# More Visualization Examples and Practice Activities

Visualizations, or visual represenations of data, are a powerful way to represent relationships of data in a way that humans can more effectively understand compared to textual data representations.  In this lecture, we will give a brief introduction to some of the basic visualization capabilities that are available in Python (with and without Pandas).  If you are interested more broadly in data visualization, you should consider LIS 2690 or CMPINF 2130 (offered this summer!)

## Bar Charts

As shown in the lecture materials Mathplotlib provides A LOT of functionality similar to the charting features in Excel, but with a lot more control.  It also integrates will with Pandas.

Examples of all the visualizations can be found [here](https://matplotlib.org/3.1.1/gallery/index.html).

In [None]:
import pandas as pd

import scipy.stats as stats # <-- Use for some simple stats

import numpy as np  # <-- this is NumPy, used for numerical computing, we're not going to get in to it, but many of the examples use this package as helpers for the plotting code

import matplotlib.pyplot as plt # <-- MatPlotLib is one of the most used graphing packages used in Python

Let's jump in and load up a simple dataframe.  This is dataframe has information about a a drug trial and a measure of the result.

In [None]:
df = pd.read_csv("files/drug.csv")
df

### Fitness time!  Let's get the data ready for plotting

We can use the set_index method to set the index of the dataframe:

In [None]:
df = df.set_index('person')
df

We can also use the replace function replace the number values with the meaning of the dosing categories:

In [None]:
df['dose'].replace({1: 'placebo', 2: 'low', 3: 'high'}, inplace = True)
df

We can use some of the simple statistics capabilities to help us get simple stats... we'll see later how this is useful

In [None]:
mask = df['dose'] == 'placebo'

df[mask].mean()['result']

In [None]:
df[mask].std()['result']

Alright, now let's get in to some plotting --- let's create a simple bar chart for the placebo

In [None]:
fig, ax = plt.subplots()

N = 1
ind = np.arange(N)    # the x locations for the groups
width = 0.35         # the width of the bars

means = df[df['dose'] == 'placebo'].mean()['result']
std = df[df['dose'] == 'placebo'].std()['result']

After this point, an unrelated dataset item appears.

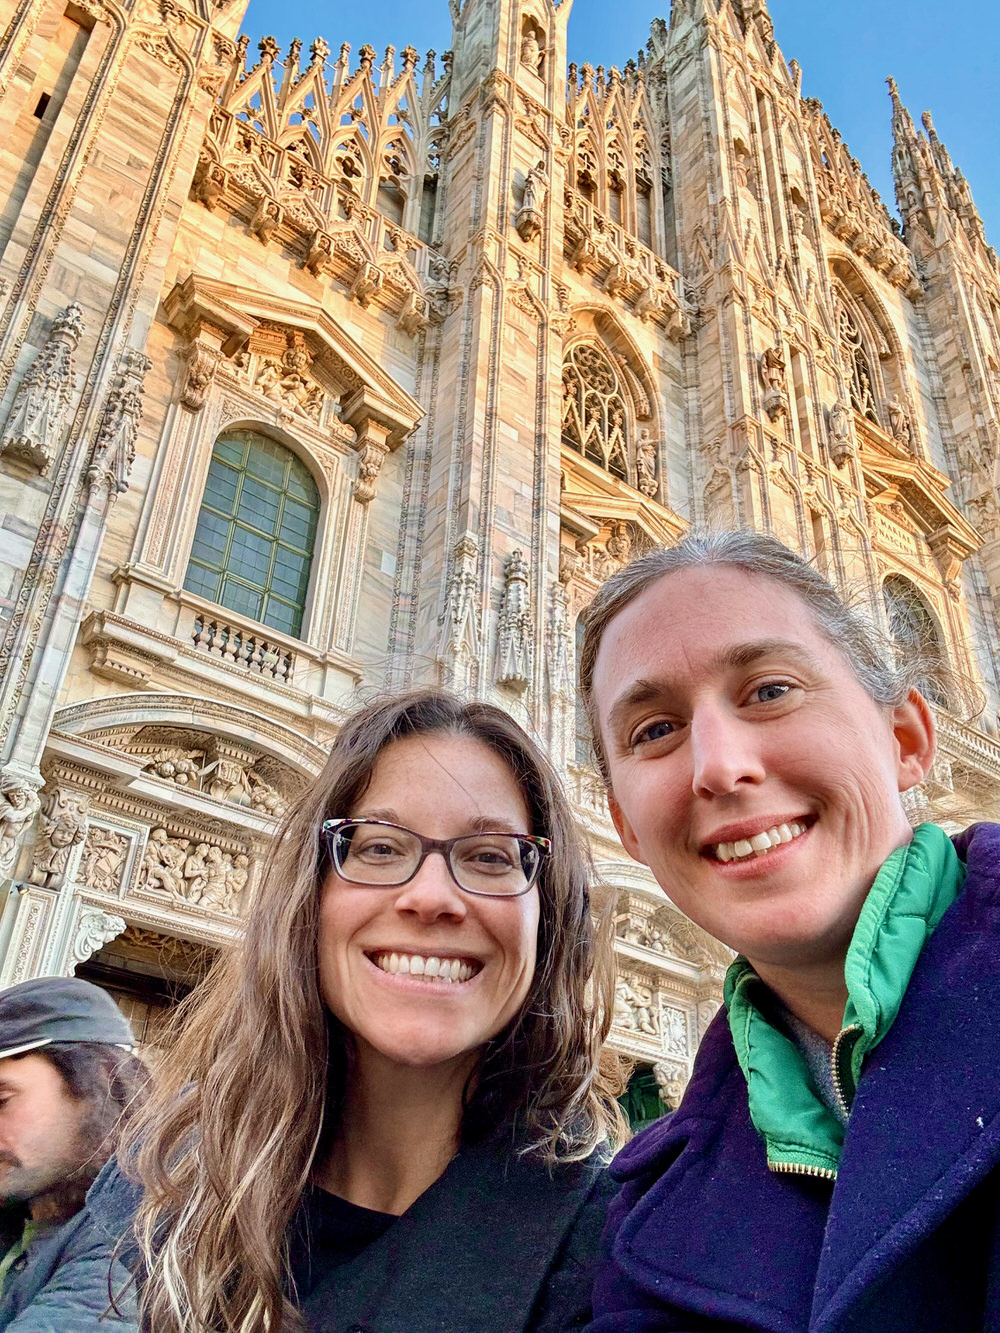 Two women take a selfie in front of the white marble facade of Milan's Duomo cathedral.

ax.bar(ind, means , width, bottom=0, yerr=std)
plt.show()

We can extend this approach to also include additional bars, with additional data.

Let's try... can we create a list of means and standard deviations of all three treatments?

In [None]:
fig, ax = plt.subplots()

N = 3
ind = np.arange(N)    # the x locations for the groups
width = 0.35         # the width of the bars

means = ## FILL IN CODE HERE
std = ## FILL IN CODE HERE

ax.bar(ind, means , width, bottom=0, yerr=std)
plt.title('Result by group')
plt.xticks(ind, ('Placebo', "Low Dose", "High Dose"))

plt.show()

In [None]:
## SOLUTION
fig, ax = plt.subplots()

N = 3
ind = np.arange(N)    # the x locations for the groups
width = 0.35         # the width of the bars

means = [df[df['dose'] == 'placebo'].mean()['result'], df[df['dose'] == 'low'].mean()['result'], df[df['dose'] == 'high'].mean()['result']]
std = [df[df['dose'] == 'placebo'].std()['result'], df[df['dose'] == 'low'].std()['result'], df[df['dose'] == 'high'].std()['result']]

ax.bar(ind, means , width, bottom=0, yerr=std)
plt.title('Result by group')
plt.xticks(ind, ('Placebo', "Low Dose", "High Dose"))

plt.show()

## It's not just bar charts!

We can use the same data, but with a different type of plot:

In [None]:
x = np.linspace(1, 5, 5)
y = df[df['dose'] == 'placebo']['result'].sort_values()

fig, ax = plt.subplots()

# Using set_dashes() to modify dashing of an existing line
line1 = ax.plot(x, y, dashes=[2, 2, 10, 2], label='Placebo')
                      # 2pt line, 2pt break, 10pt line, 2pt break


ax.legend()
plt.show()



In [None]:
x

In [None]:
y

As with the bar charts, we can add more lines.  In this case we add more line descriptions.  Let's try:

In [None]:
fig, ax = plt.subplots()

# Using set_dashes() to modify dashing of an existing line
line1 = ax.plot(x, y, dashes=[2, 2, 10, 2], label='Placebo')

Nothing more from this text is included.